Saturday, March 10, 2012

Sprinkles turning into drops

Thursday was an interesting day. It rained all day so I decided to stay home and try out my baking and cooking skills. For once, my cooking skills turned out better than my baking. I got up and started a roast at 10 a.m. and let it simmer all day till about 6. Mmm It was so good! I made apple bread for dessert. That one the other hand looked horrible but it tasted pretty good!





Scary looking. But still taste, and that's all that matters right??

Sometimes Thursday I hurt my back. Not sure how I did it but I did. So I spent Friday at Urgent Care and they concluded I have a lumbar sprain. How the heck you sprain your lower back while doing nothing I'm not sure. But I somehow did it. I really need to live in a bubble. I got some nice muscle relaxers and a few pain pills. I do feel somewhat better today. Thanks to a wonderful heating pad.

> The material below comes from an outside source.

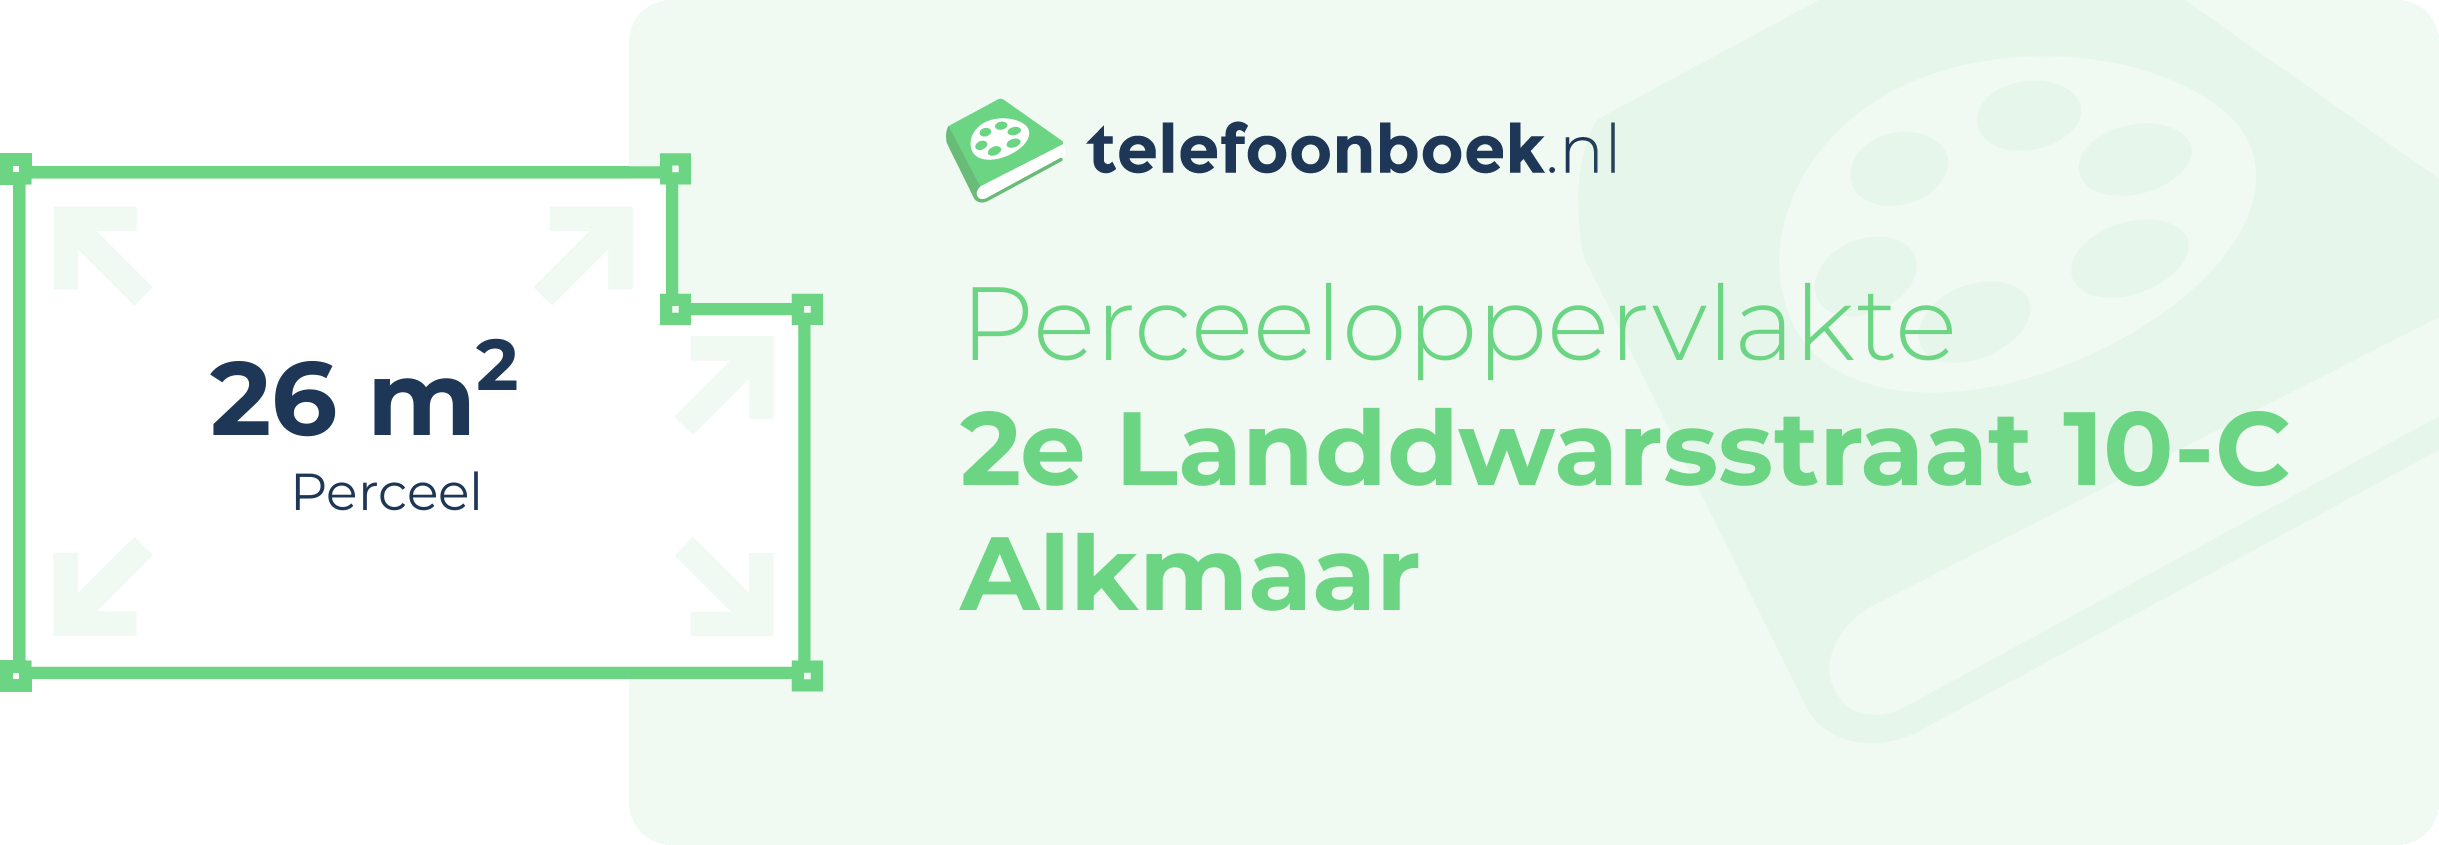 Perceeloppervlakte 2e Landdwarsstraat 10-C Alkmaar

I did find some bad news out thanks to facebook. A family friend lost her brother. Another wife lost her husband. I don't know what it is, but that alone makes me hurt. I hurt knowing what they're going to go through. What they're going to experience, and how much their life is going to change. It breaks my heart. This is one thing I wish I could protect from anybody. The hurt, the loneliness, the pain both emotionally and physically. One may not think that when you experience grief you don't experience a physical pain, but you do. It hurts so bad. No pain reliever to take it away you just have to deal. Along with everything else in your new life. You have to learn to deal.

It's like a boulder just hit me. Every time I hear of death I am sent spiraling back down the mountain. Back to were I started, except this time a little different. I'm a little stronger, and I know what to expect. Who  needs to hike up Mt. Everest when you have life to hike through.